# Exercise
Transcribe nothing but the lines from the one with "Kou Musume 51" to the end of the entries, both included, keeping each exact and leaving every picture out.

# Available data
#####
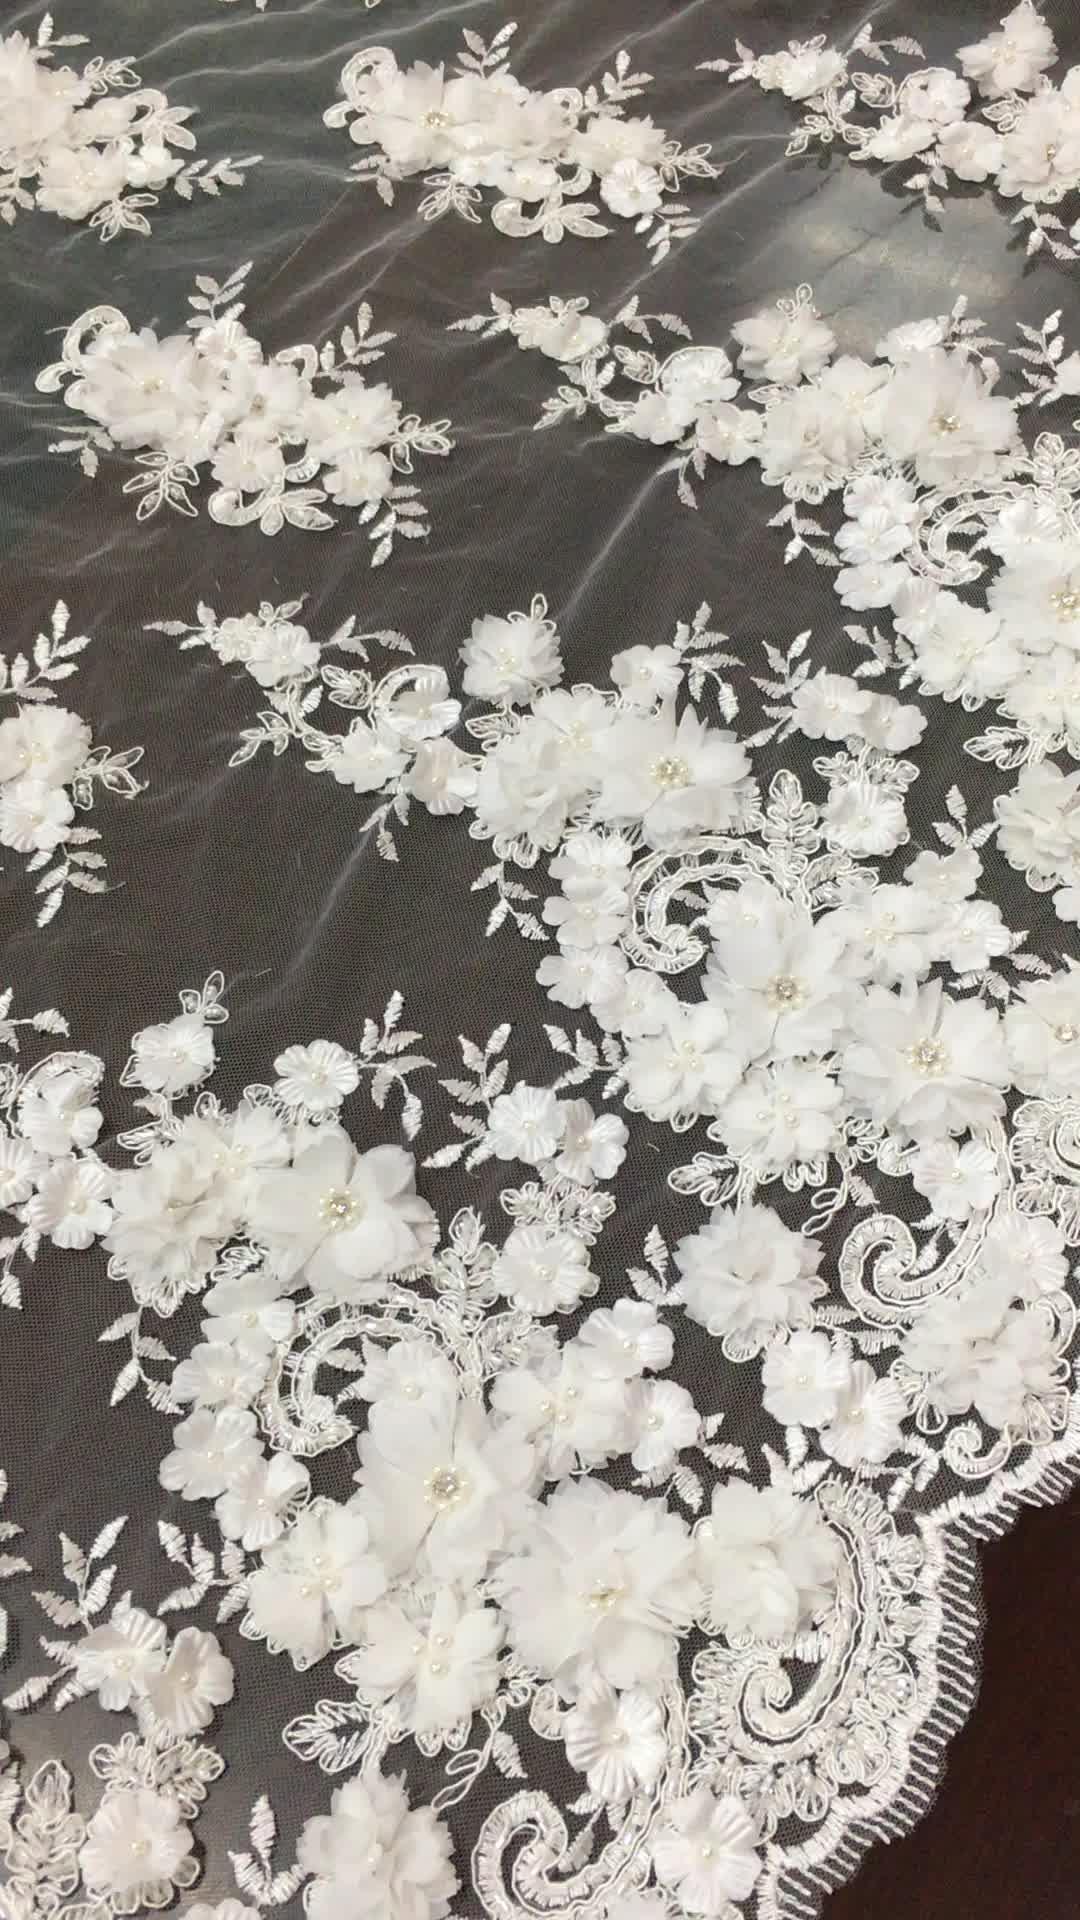 Mejor Venta de 3d de encaje de cordón de tela con cuentas de encaje bordado con flores apliques y piedras para vestido de boda
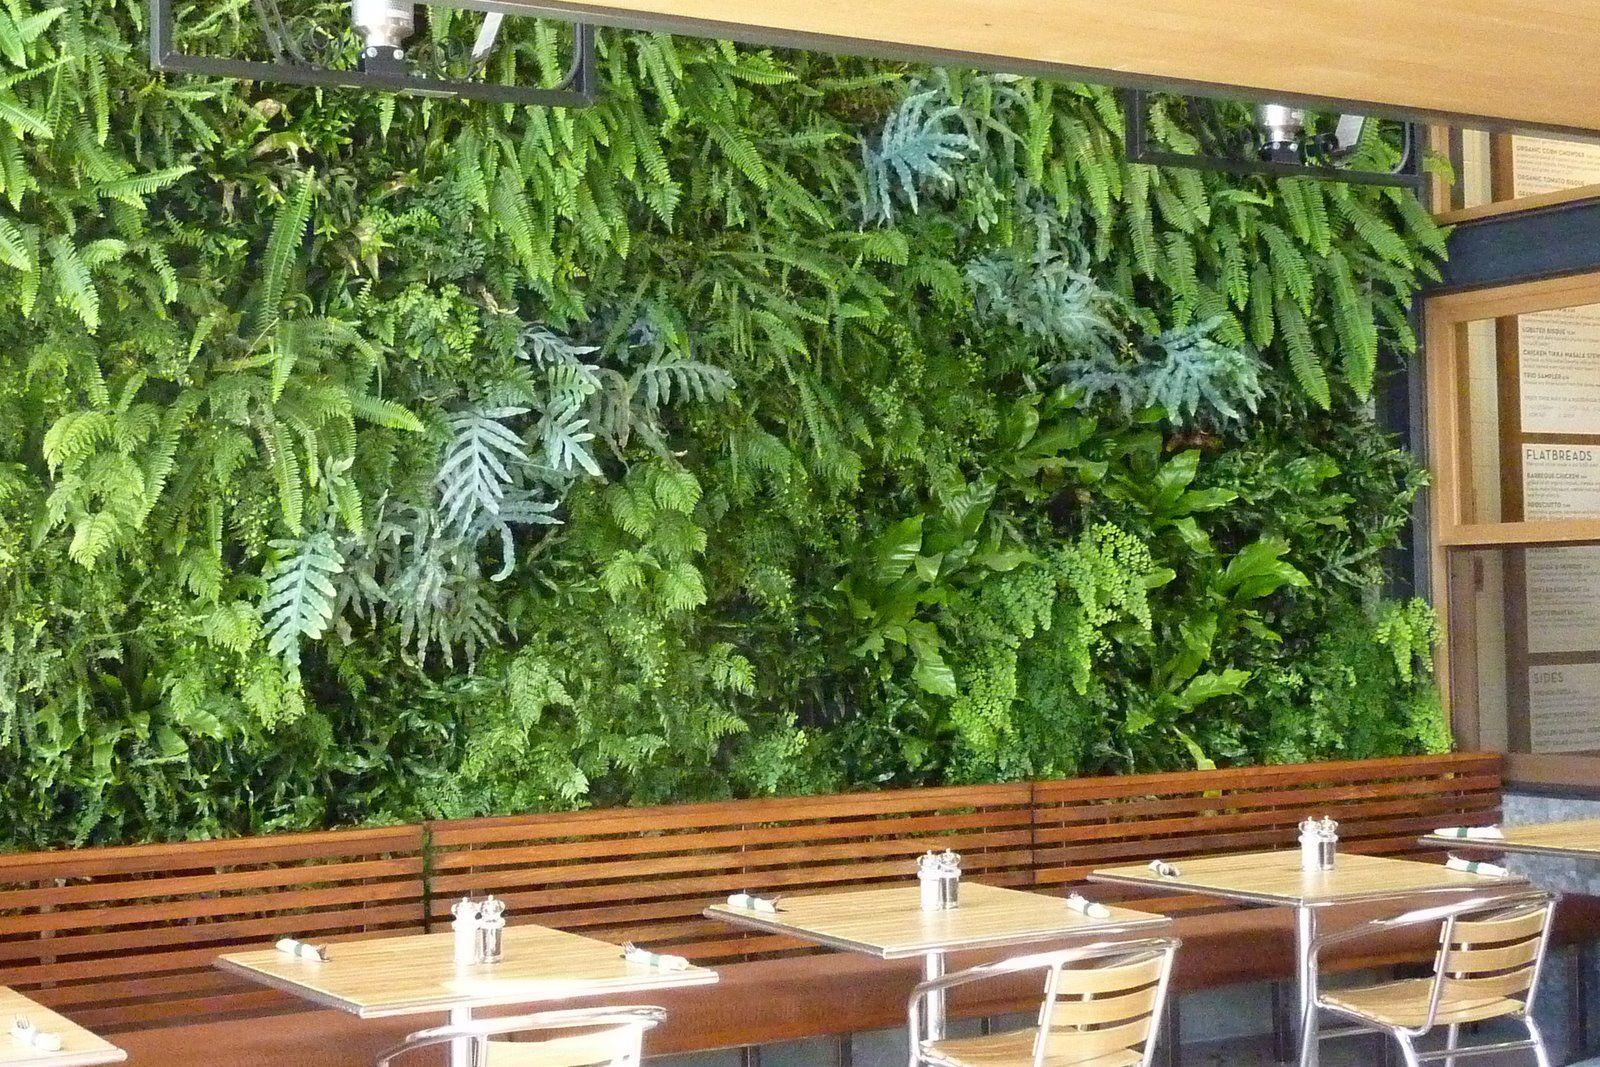 Vertical Wall Garden Ideas garden ideas landscaping ideas vertical planting small garden trellises living wall Vertical Garden Ideasjpg 16001067
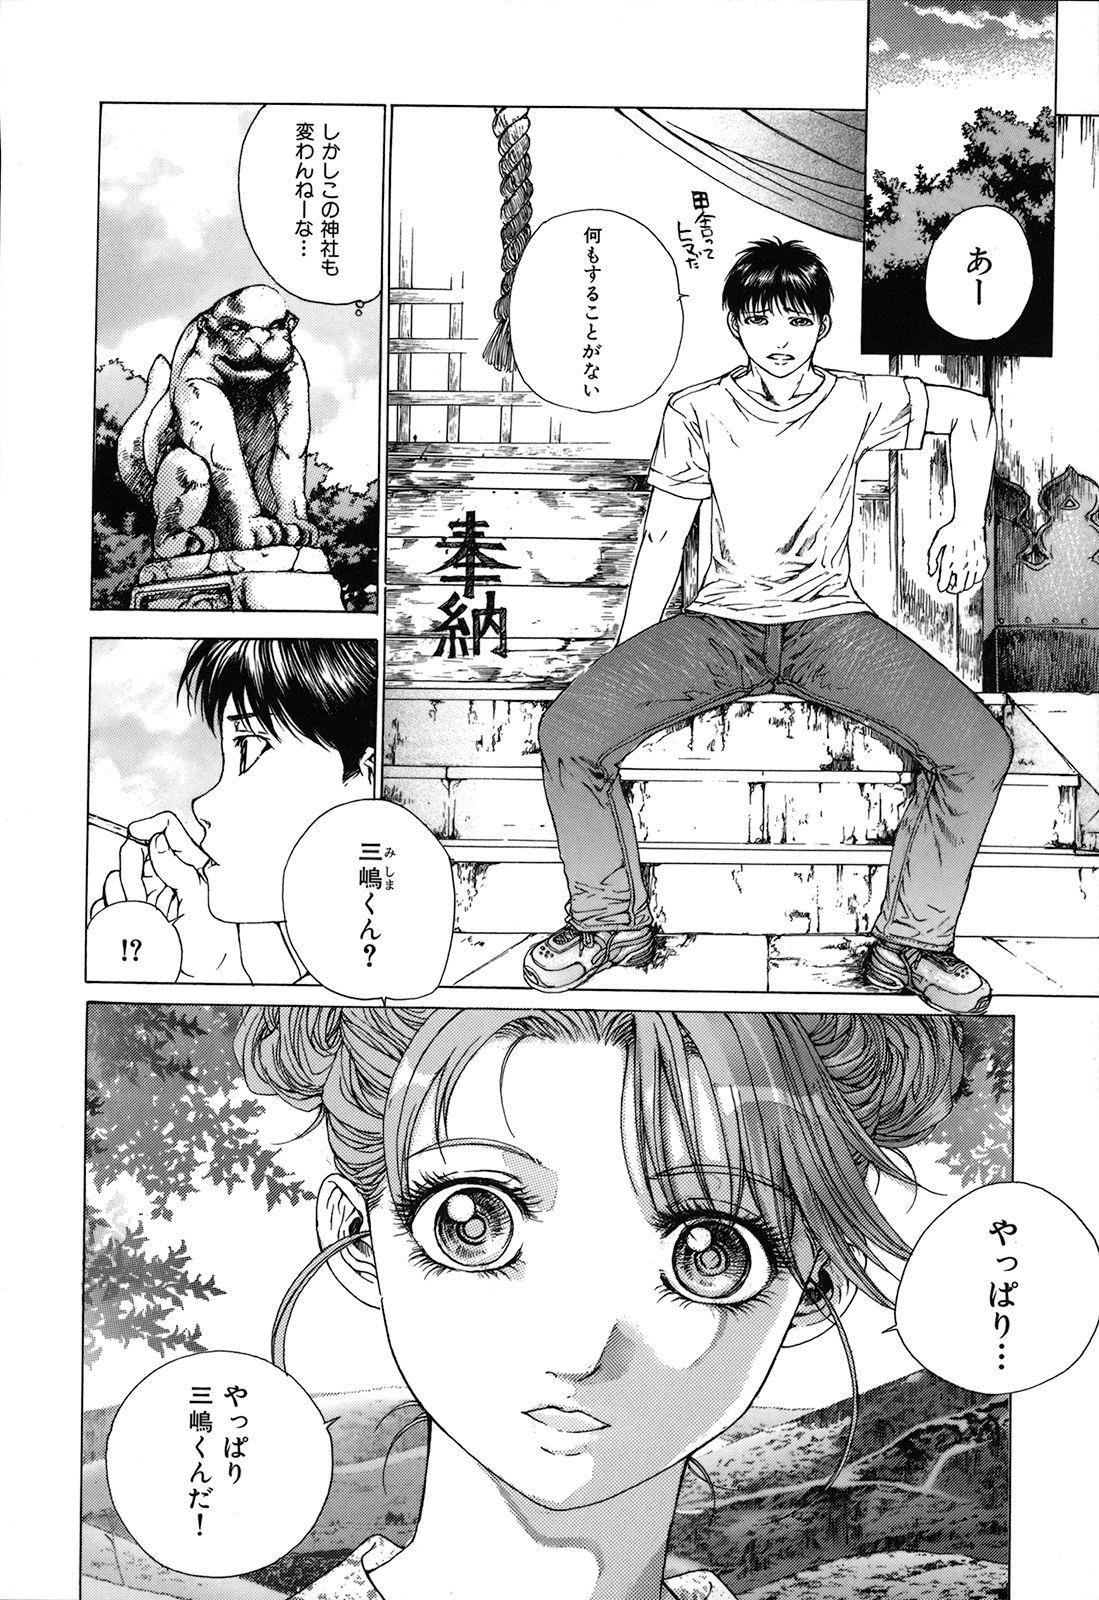 Kou Musume 51
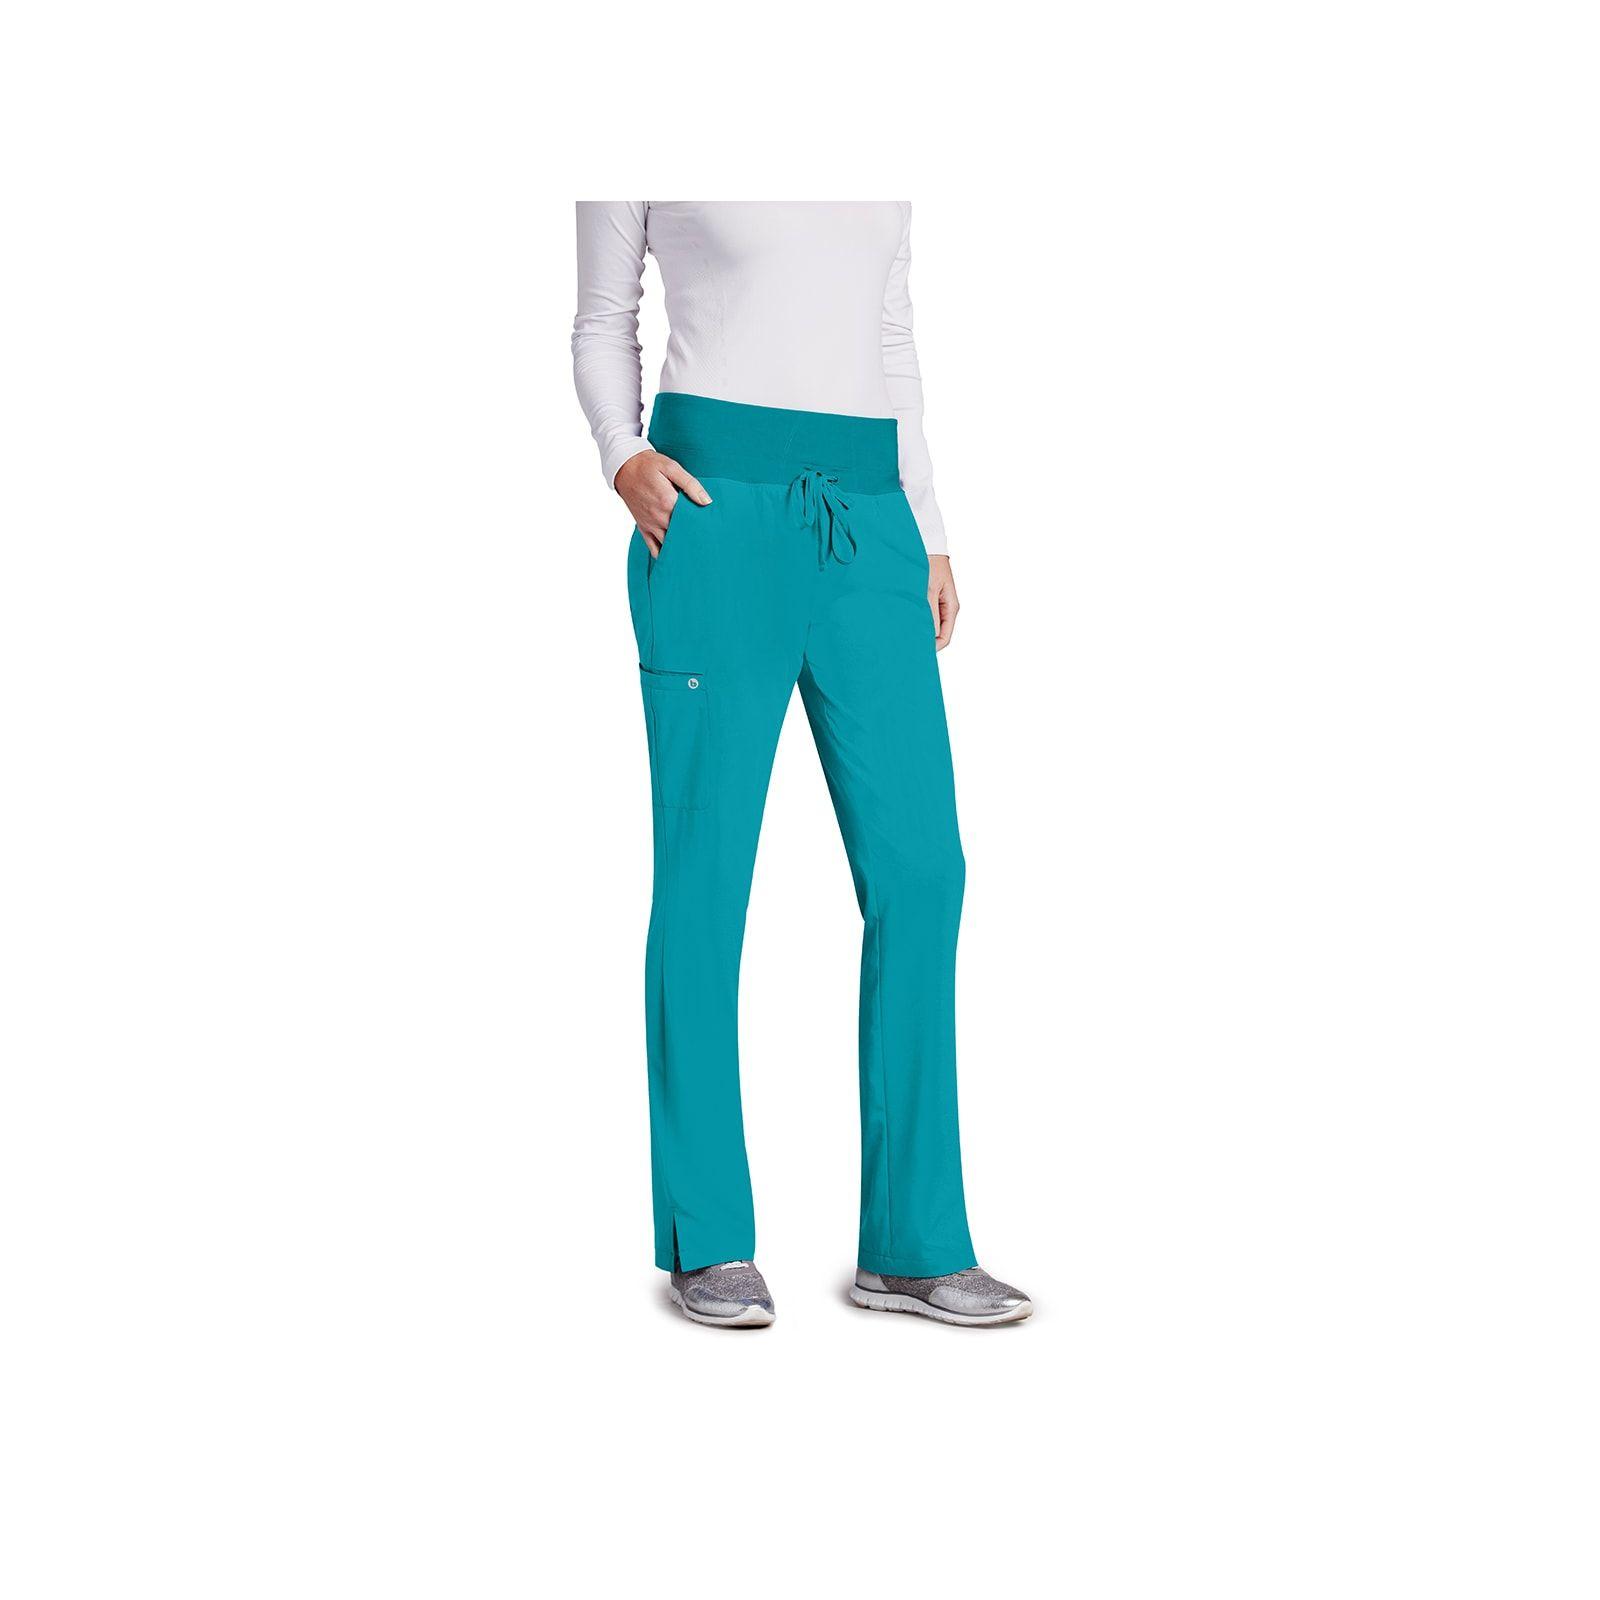 Pantalon médical femme, couleur teal blue vue de face, Barco One (5206)
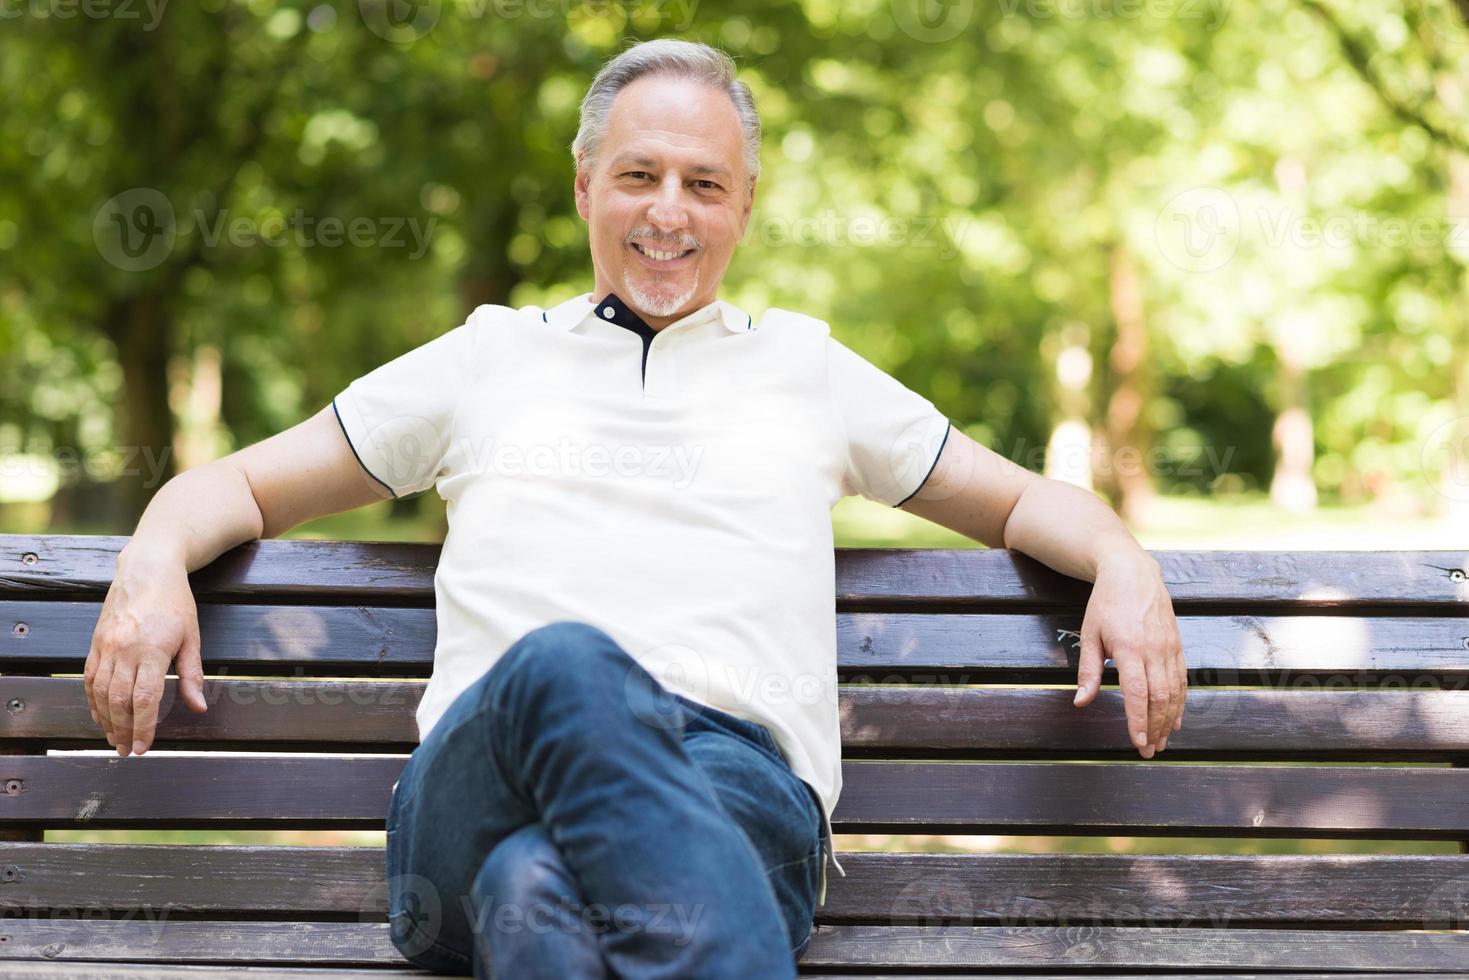 homme mûr se détendre dans un parc photo
#####
# Answer section
 Kou Musume 51
 Pantalon médical femme, couleur teal blue vue de face, Barco One (5206)
 homme mûr se détendre dans un parc photo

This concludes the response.